There are several ways to reduce your risk:
- Try to eat a balanced diet that emphasizes foods containing vitamin B12 and vitamin B9.
- Drink alcohol in moderation. Regular alcohol consumption may affect your digestive system and keep your body from absorbing vitamin B12.
- If you have a condition that keeps your body from absorbing these vitamins, work with your healthcare provider to manage your condition.
Foods with vitamin B12
- Animal food products: Red meat, fish, poultry, eggs, milk and other dairy products all contain vitamin B12.

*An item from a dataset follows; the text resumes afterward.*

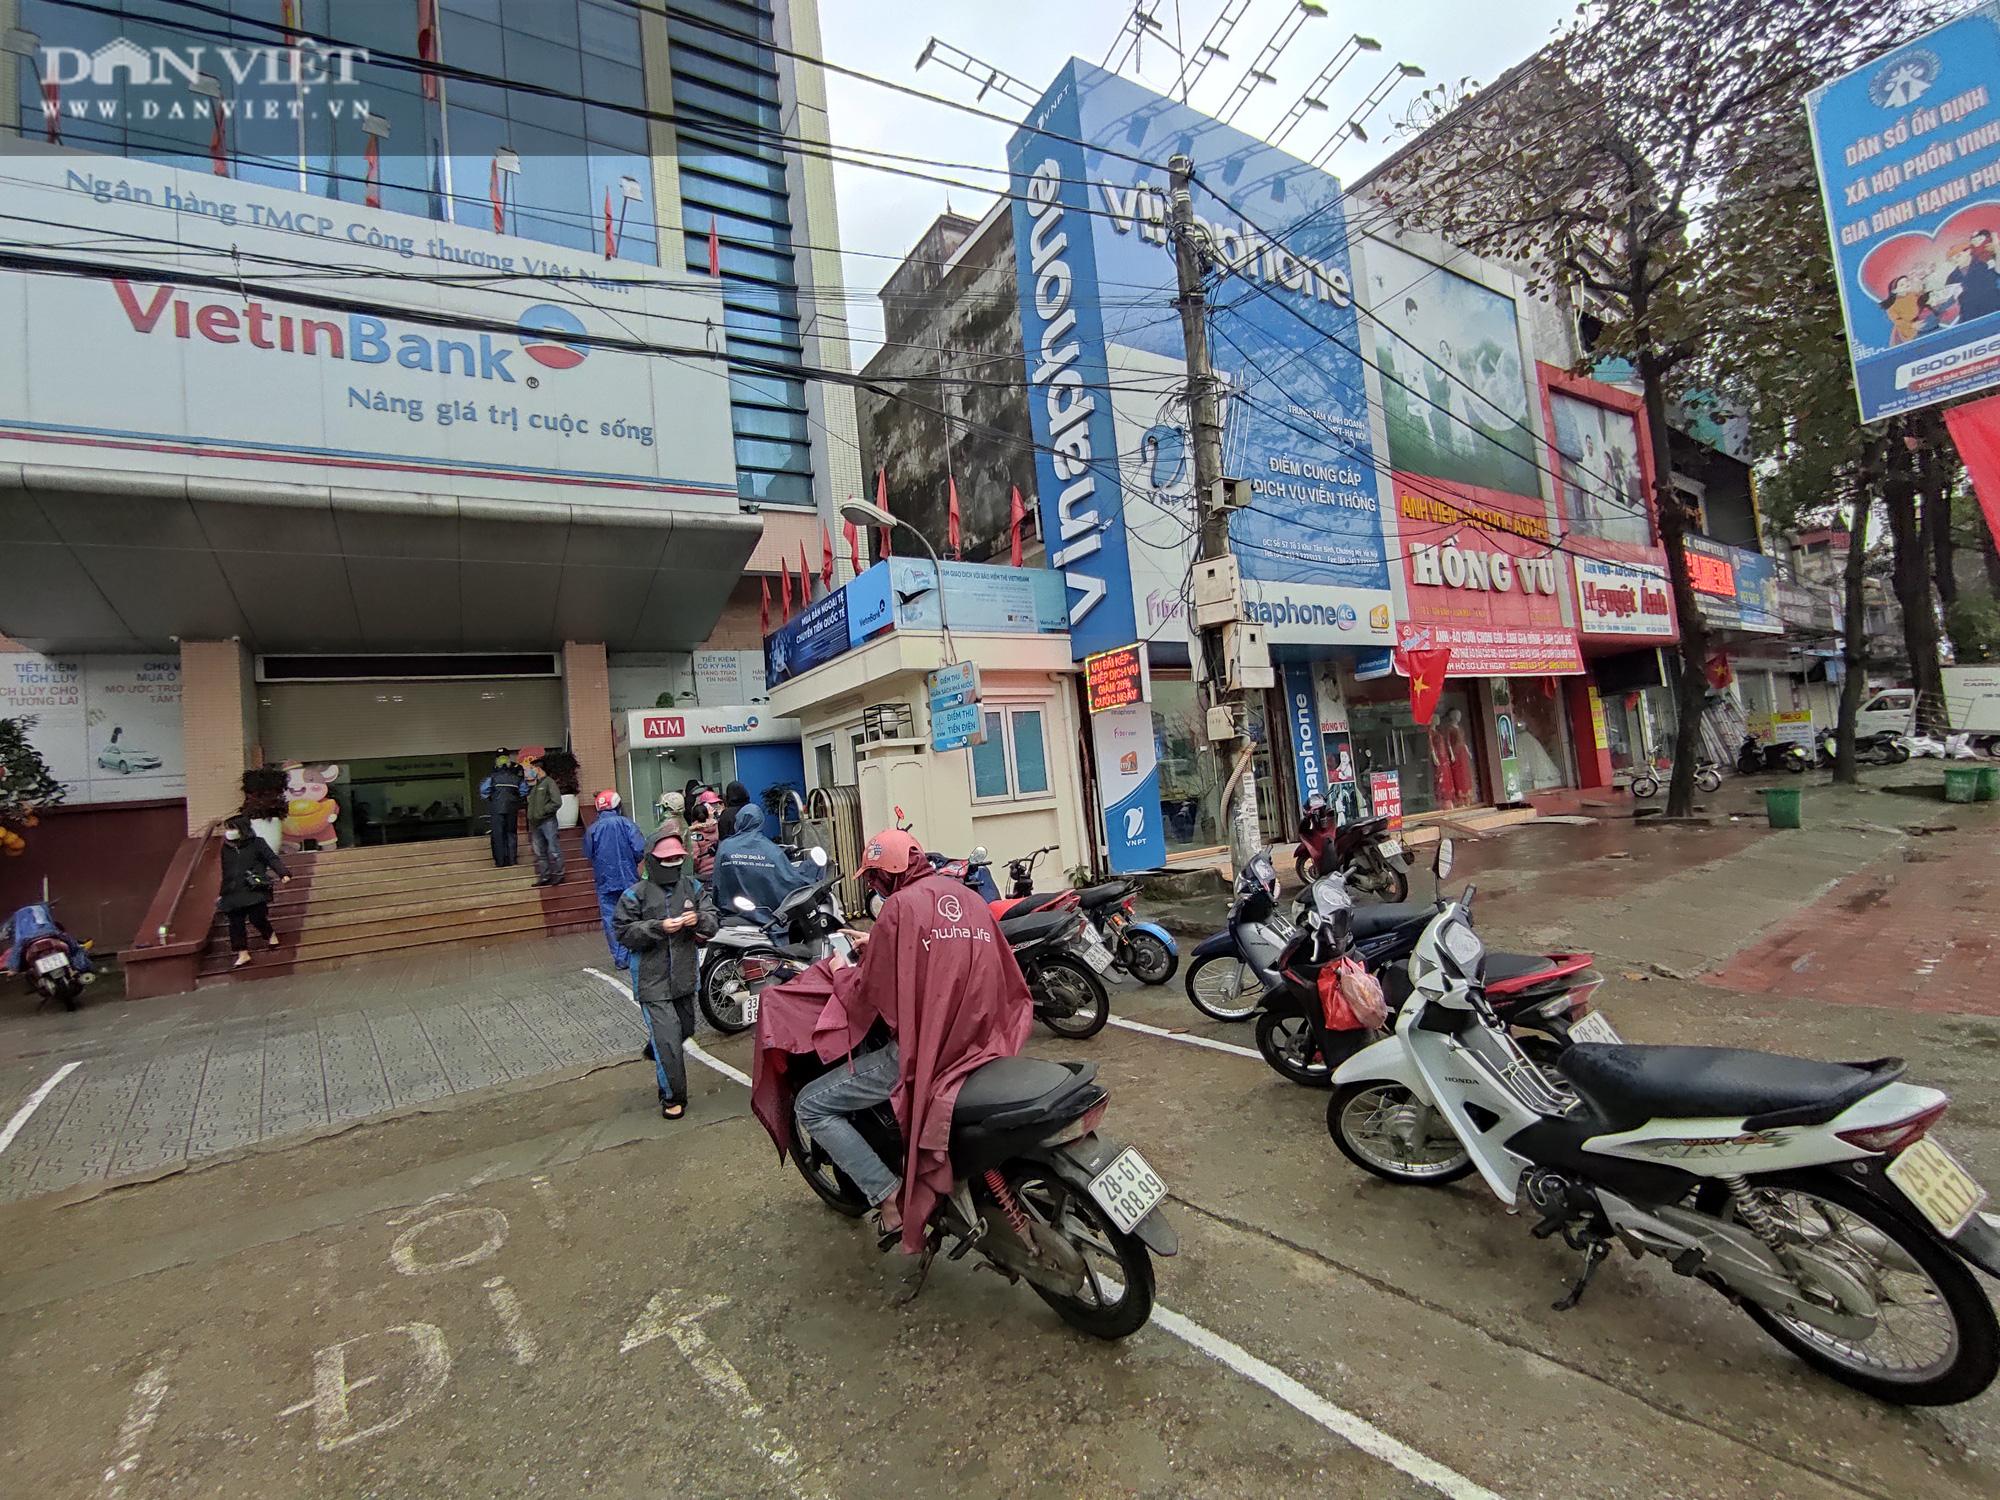 Công nhân đội mưa, xếp hàng dài rút tiền ở cây ATM ngày cận Tết Nguyên đán 2021 - Ảnh 15.

- Fortified foods: Fortified foods are foods that have certain vitamins and nutrients added to them that they don’t naturally have. Fortified foods include certain breakfast cereals, nutritional yeast, plant milk and certain bread. Be sure to check the food label (nutritional facts) to confirm the food is fortified with vitamin B12.
Foods with vitamin B9
- Vegetables: Dark green leafy vegetables, peas, beans and legumes.
- Fruits: Citrus fruits.
- Animal food products: Liver, seafood, meat and poultry.
- Eggs and dairy.
- Fortified foods: Certain breads, flour, pasta, rice and cereal contain folic acid. Be sure to check the food label (nutritional facts) to confirm the food is fortified with vitamin B9.
Outlook / Prognosis
What can I expect if I have megaloblastic anemia?
Most people recover from megaloblastic anemia after receiving vitamin supplements. Your healthcare provider will monitor your vitamin levels periodically to confirm you’re getting enough vitamin B12 and vitamin B9. For example, they may schedule blood tests a few weeks after you start treatment to confirm the supplements are increasing your vitamin B12 and/or B9 levels.
How do I take care of myself?
Take care of yourself by:
- Taking the vitamin supplements your healthcare provider prescribed.
- Developing healthy eating habits that ensure you’re getting enough vitamin B12 and vitamin B9.
- Monitoring your health and following up with your healthcare provider if you notice your anemia symptoms come back.
A note from Cleveland Clinic
If you have megaloblastic anemia, it means you’re not getting enough vitamin B12 and/or vitamin B9. These vitamins help your body make healthy red blood cells. Healthy red blood cells do essential work. They carry oxygen throughout your body. Fortunately, healthcare providers can treat this vitamin deficiency with supplements to boost your vitamin B12 and vitamin B9 levels. You can support supplements by eating a vitamin-rich diet. Ask your healthcare provider about ways you can make sure you’re getting enough vitamin B12 and vitamin B9. They’ll be glad to help.